Goal¶

This post aims to introduce one of the model evaluation metrics, called Precision score. Precision score is used to measure the prediction ratio of how many of predictions were correct out of the total number of the predictions. As the precision score is higher, the prediction would be high likely true whenever such prediction is made.

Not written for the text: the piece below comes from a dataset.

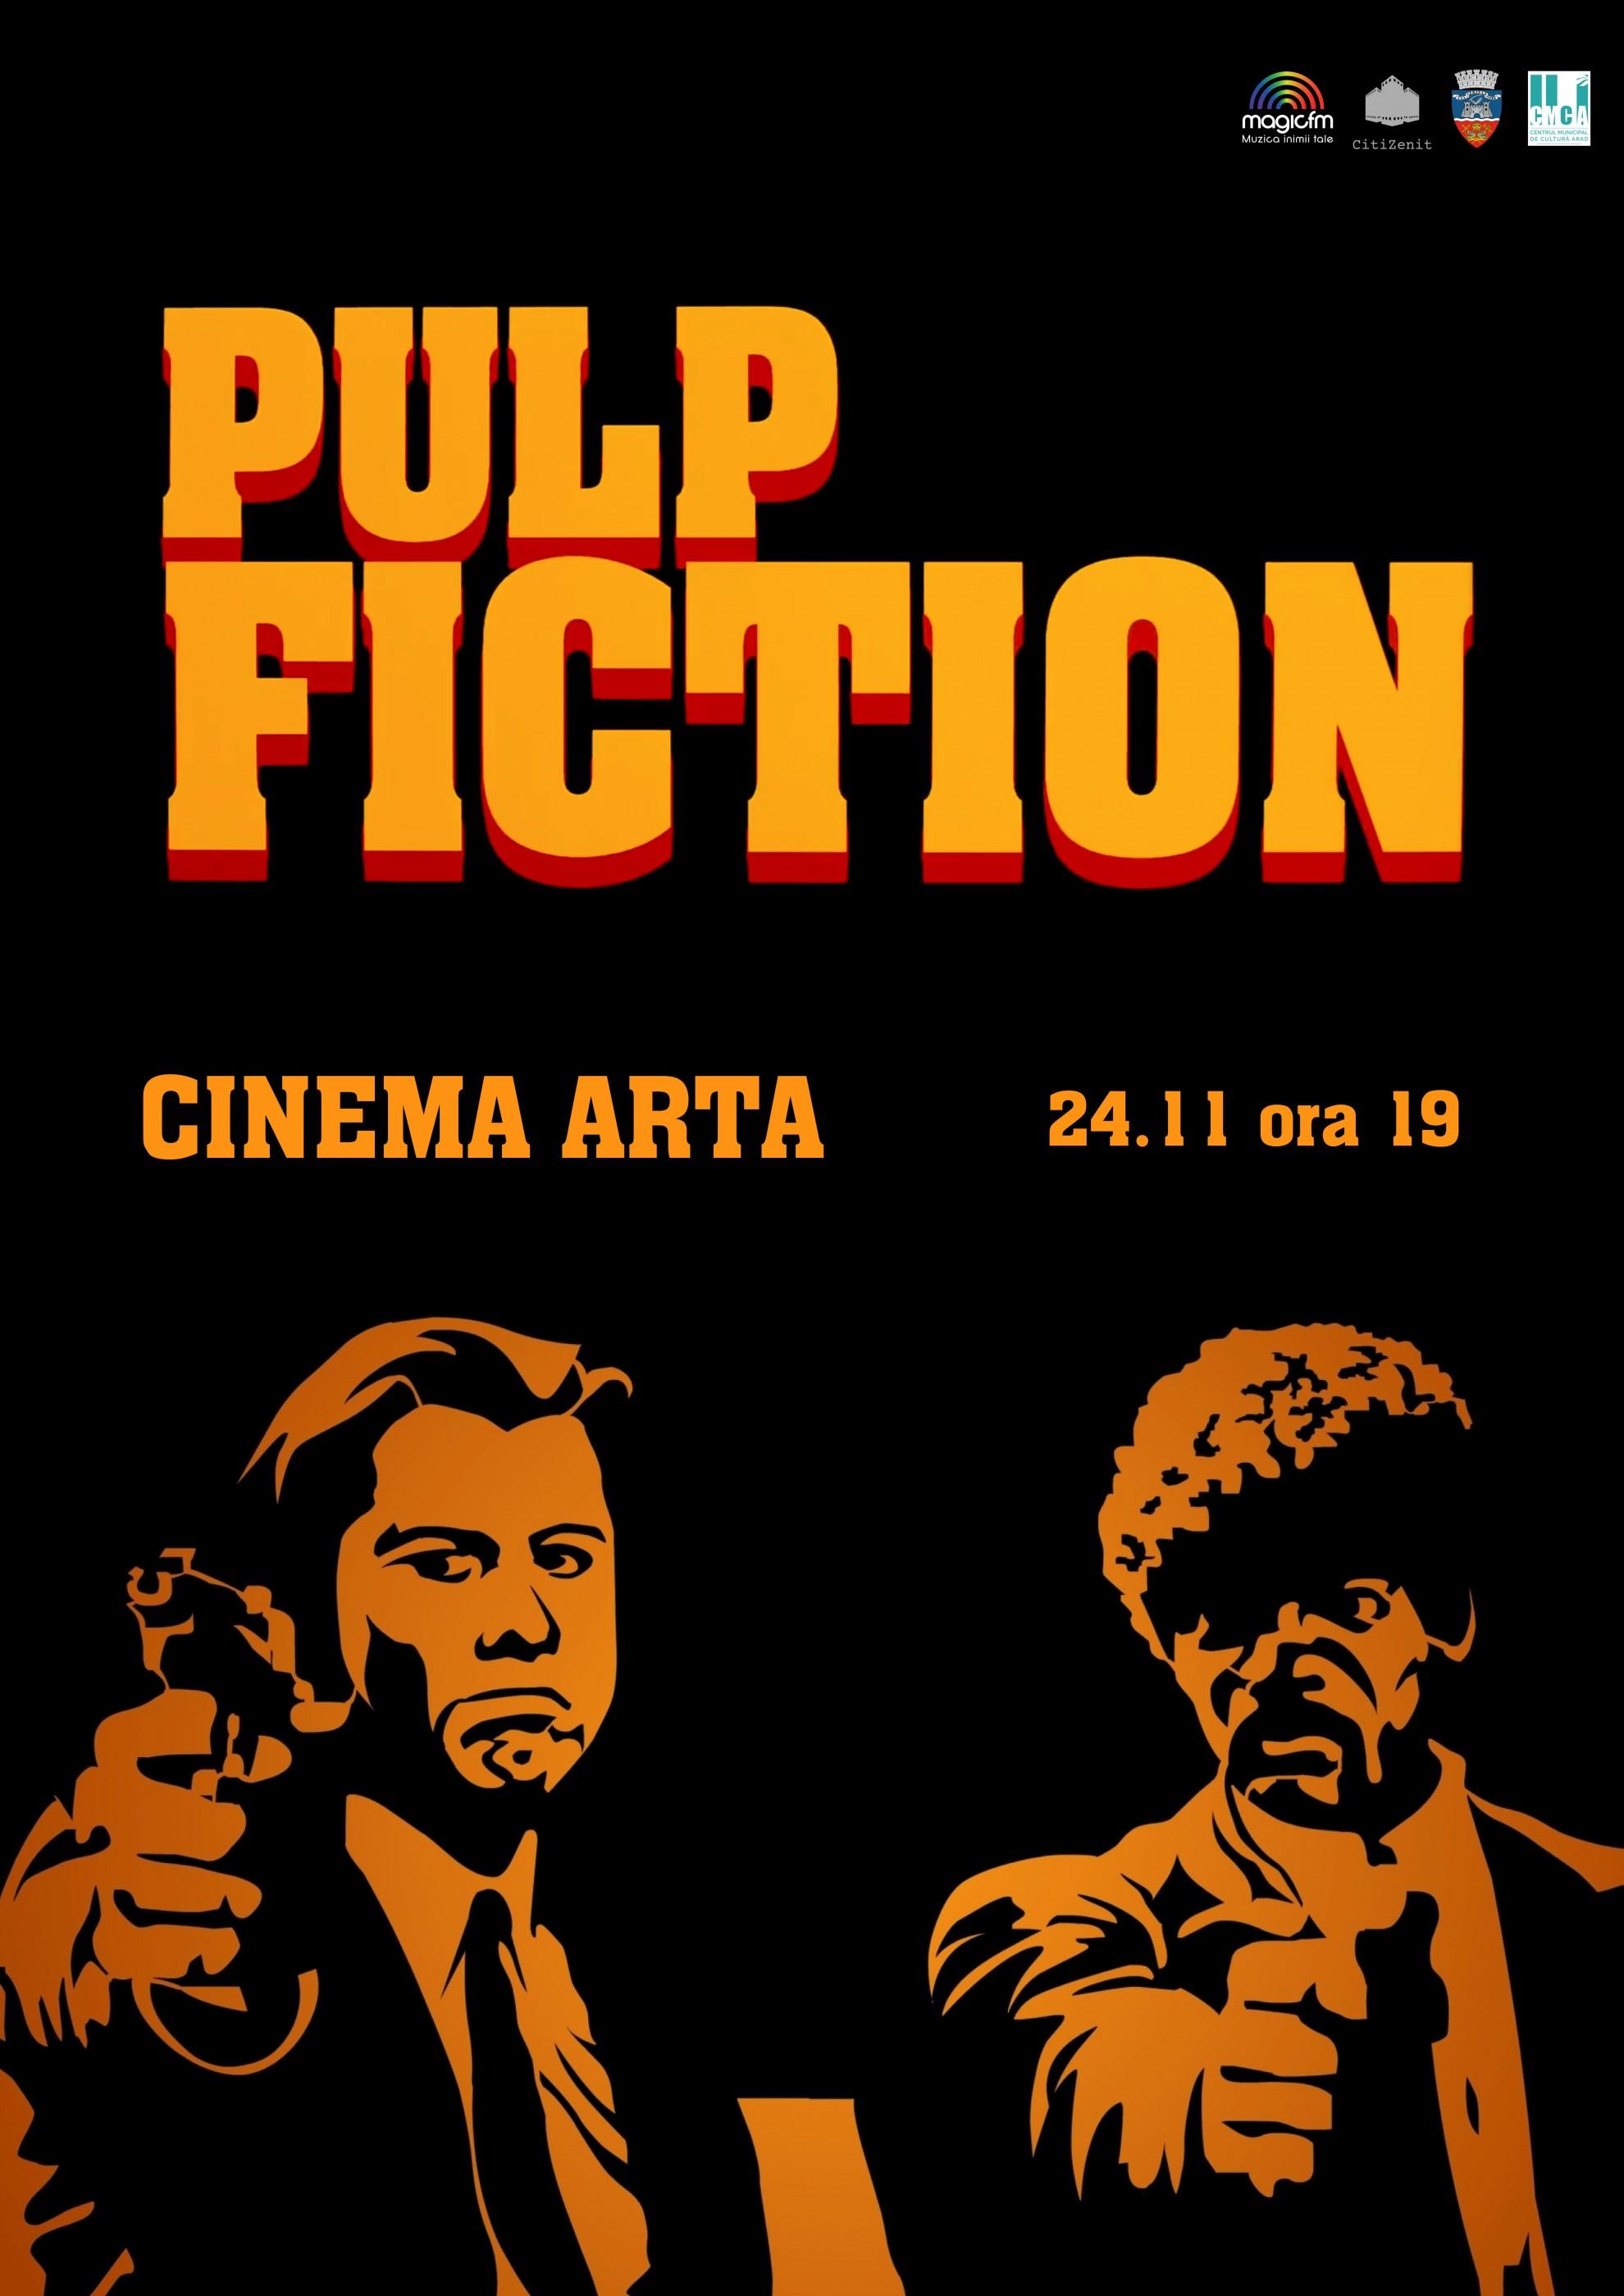 PULP FICTION ajunge pe marele ecran la Cinema Arta

Precision score is defined as the following equations:

$$ {\displaystyle {\text{Precision}}={\frac {True\;Positive}{True\;Positive + False\;Positive}}\,} = \frac {True \;Positive}{total\;\#\,of\;samples\;predicated\;as\;True} $$

Reference

Libraries¶

In [2]:

from sklearn.metrics import precision_score
import pandas as pd

Create a prediction and ground truth¶

In [21]:

df_prediction = pd.DataFrame([0, 1, 0, 1, 1 ,1, 1, 1], 
                             columns=['prediction'])
df_prediction

Out[21]:

	prediction
0	0
1	1
2	0
3	1
4	1
5	1
6	1
7	1

In [22]:

df_groundtruth = pd.DataFrame([0, 0, 0 , 0, 1, 1, 1, 1], 
                              columns=['gt'])
df_groundtruth

Out[22]:

	gt
0	0
1	0
2	0
3	0
4	1
5	1
6	1
7	1

Compute F1 Score¶

In [24]:

precision_score(y_true=df_groundtruth, 
        y_pred=df_prediction, average='binary')

Out[24]:

0.6666666666666666

double check by precision and recall¶

In [19]:

TP = (df_prediction.loc[df_prediction['prediction']==1,'prediction'] == df_groundtruth.loc[df_prediction['prediction']==1,'gt']).sum()
TP

Out[19]:

In [25]:

FP = (df_prediction.loc[df_prediction['prediction']==1,'prediction'] != df_groundtruth.loc[df_prediction['prediction']==1,'gt']).sum()
FP

Out[25]:

In [26]:

TP / (TP + FP)

Out[26]:

0.6666666666666666